→ WORK ORDER
Exact copies of all entries are needed. Pictures are to be left out.
[DATA FOR PROCESSING]
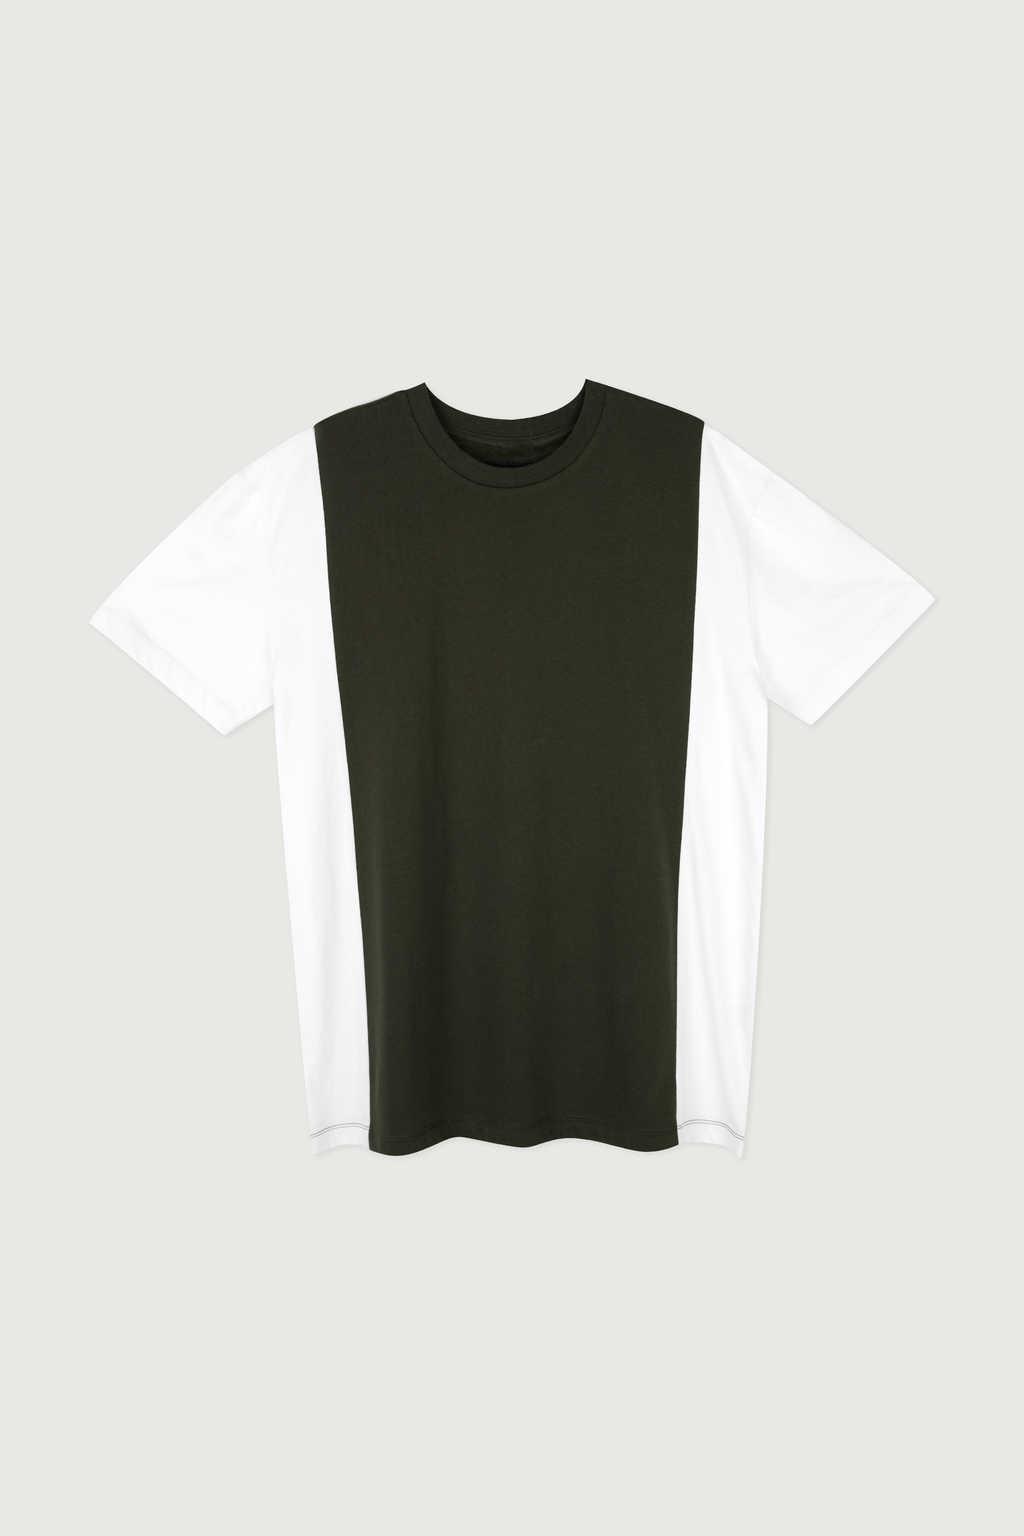 TShirt 3660 Green 5
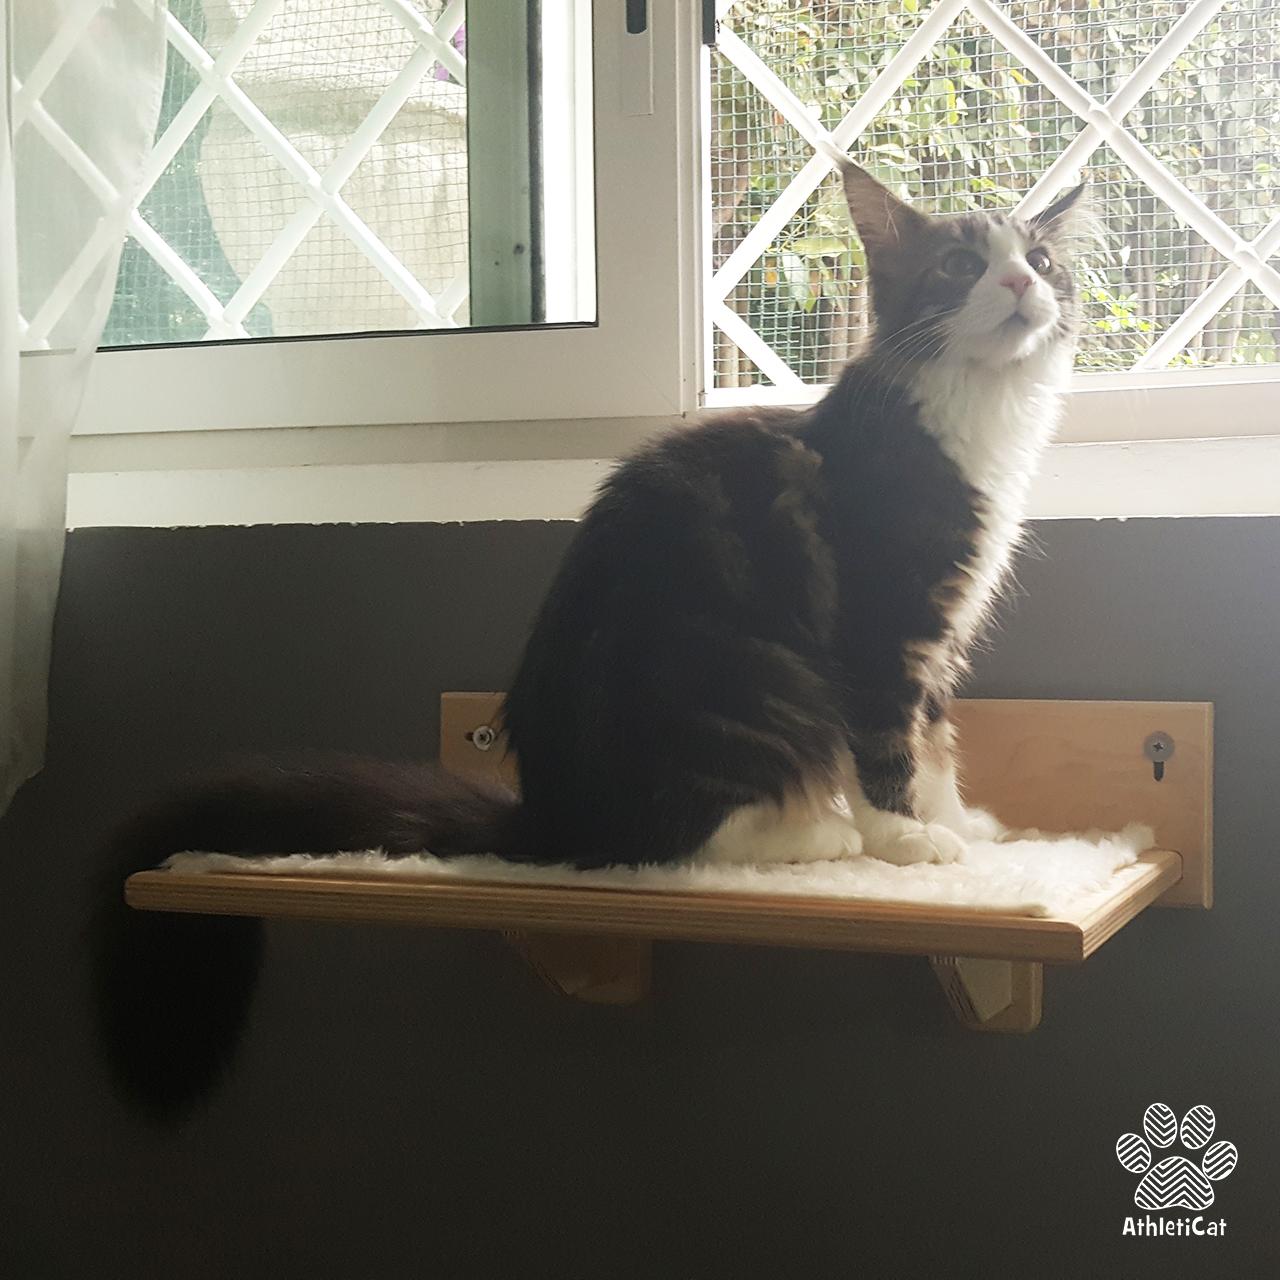 Arredamento-per-gatti-athleticat-4
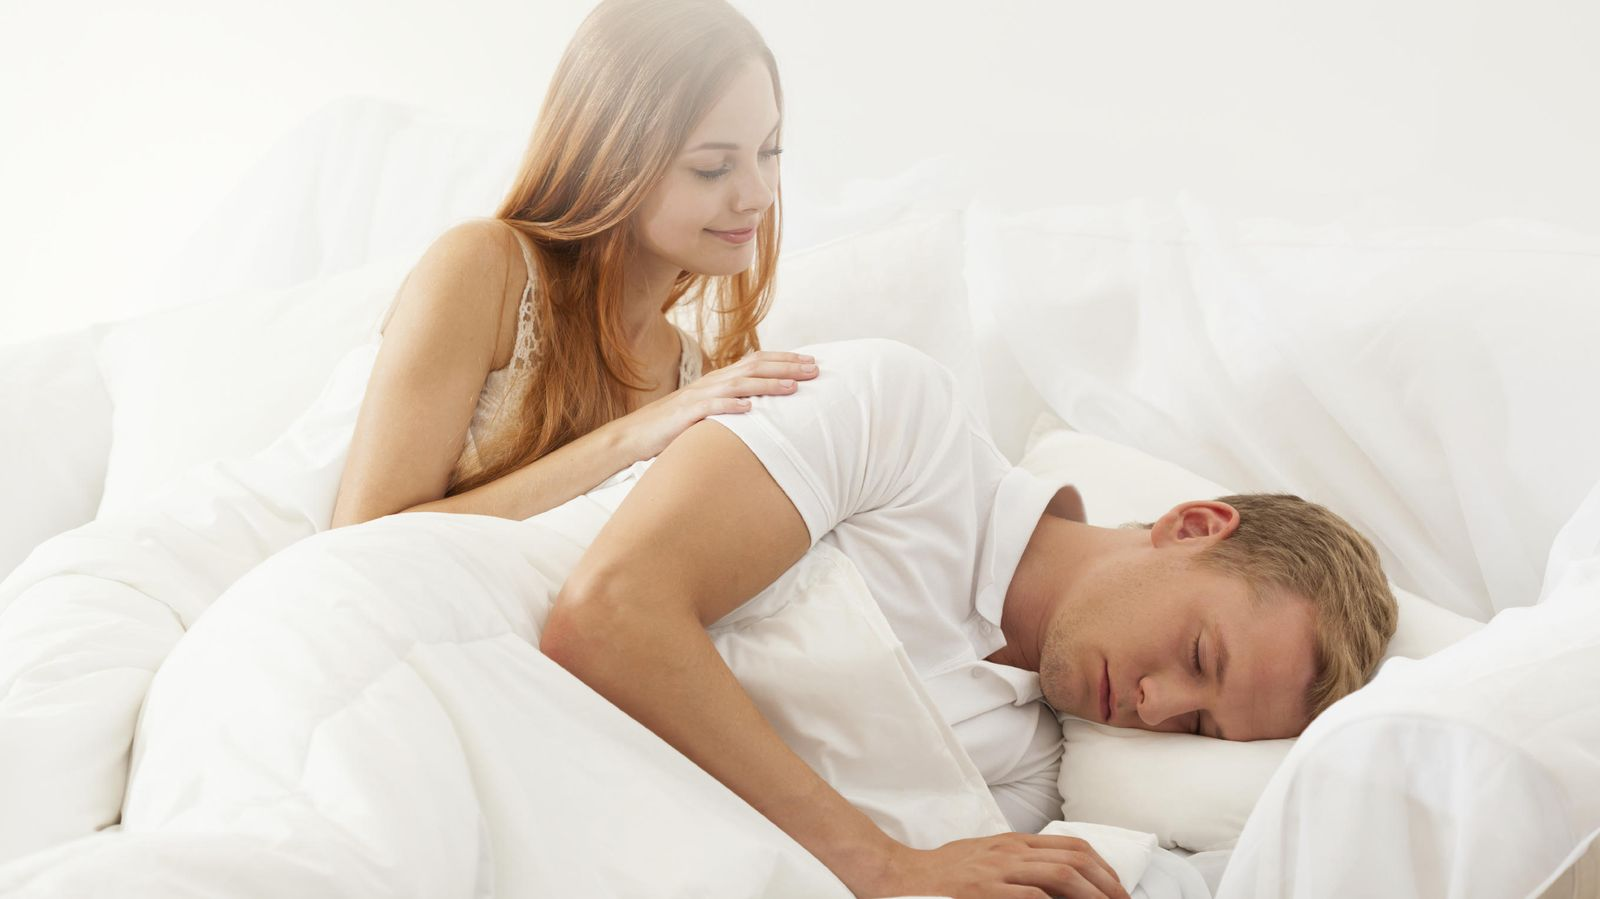 Sexo: El deseo oculto: por qué los hombres sueñan con orgías y las ...
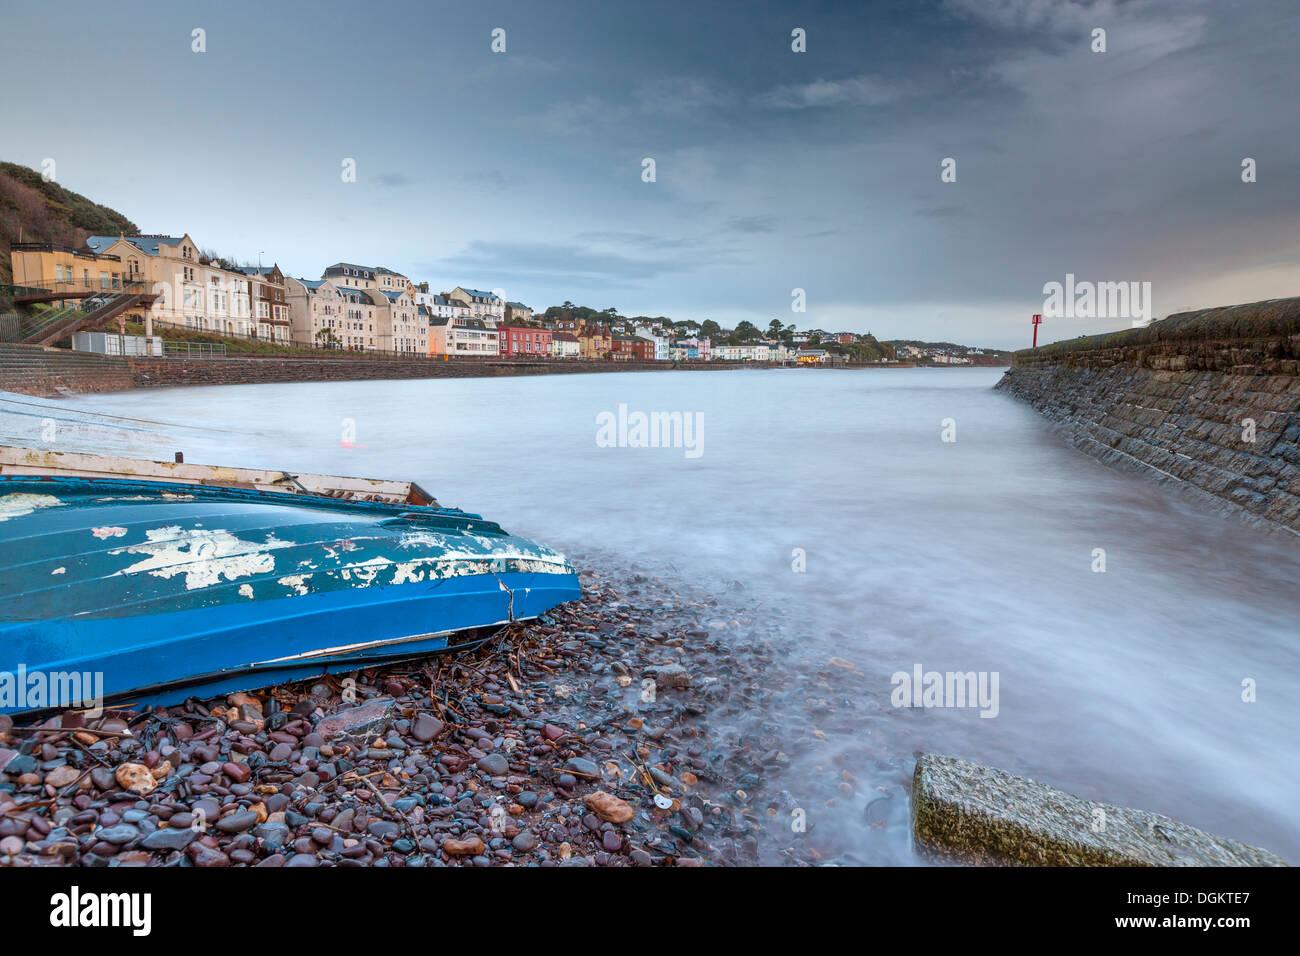 Dawlish seafront. Stock Photo
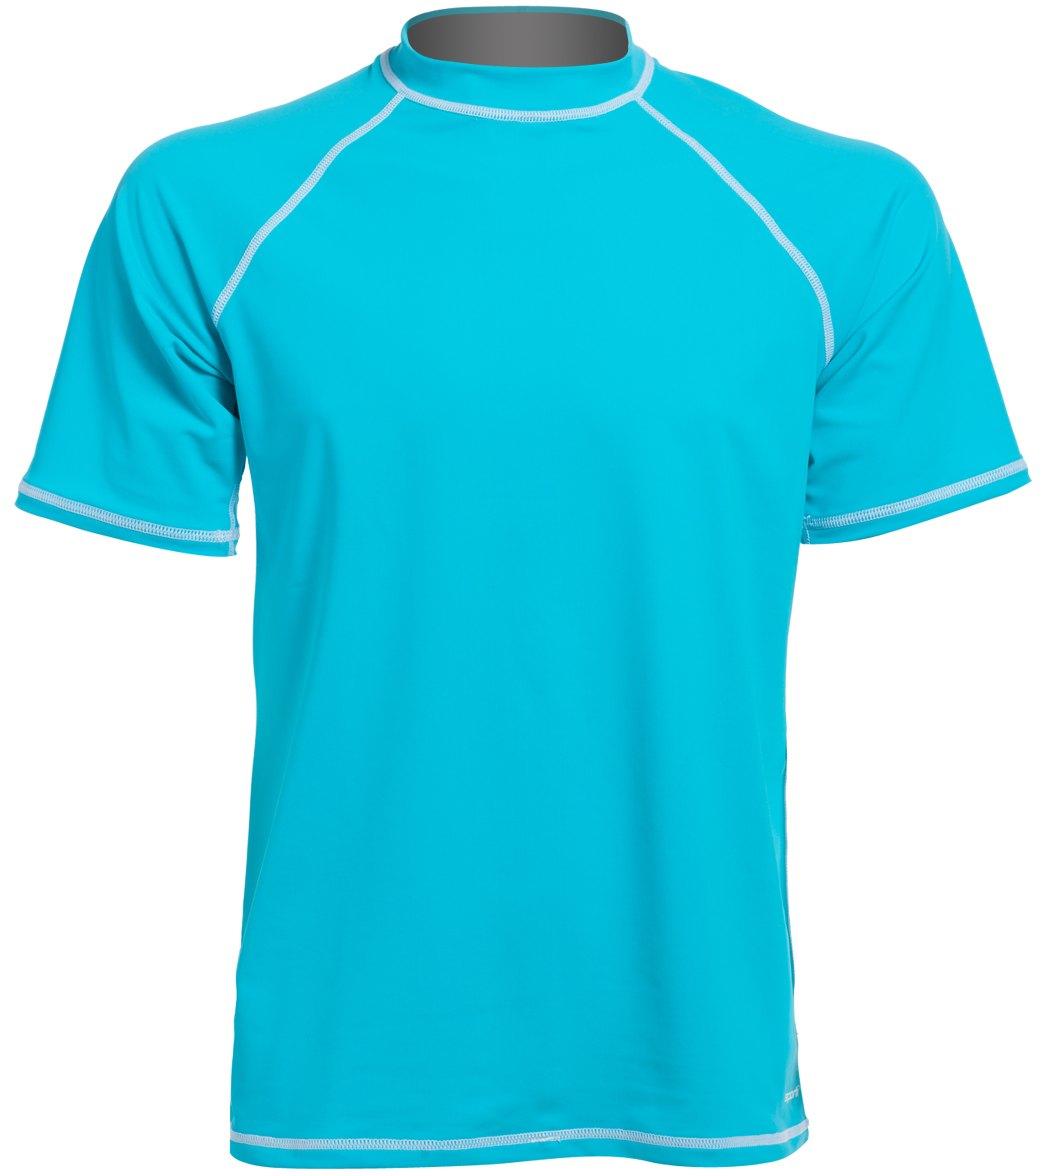 b3d128a380f31 Sporti Men's S/S UPF 50+ Swim Shirt at SwimOutlet.com
[/DATA FOR PROCESSING]
→ OUTPUT OF THE EXERCISE
 TShirt 3660 Green 5
 Arredamento-per-gatti-athleticat-4
 Sexo: El deseo oculto: por qué los hombres sueñan con orgías y las ...
 Dawlish seafront. Stock Photo
 b3d128a380f31 Sporti Men's S/S UPF 50+ Swim Shirt at SwimOutlet.com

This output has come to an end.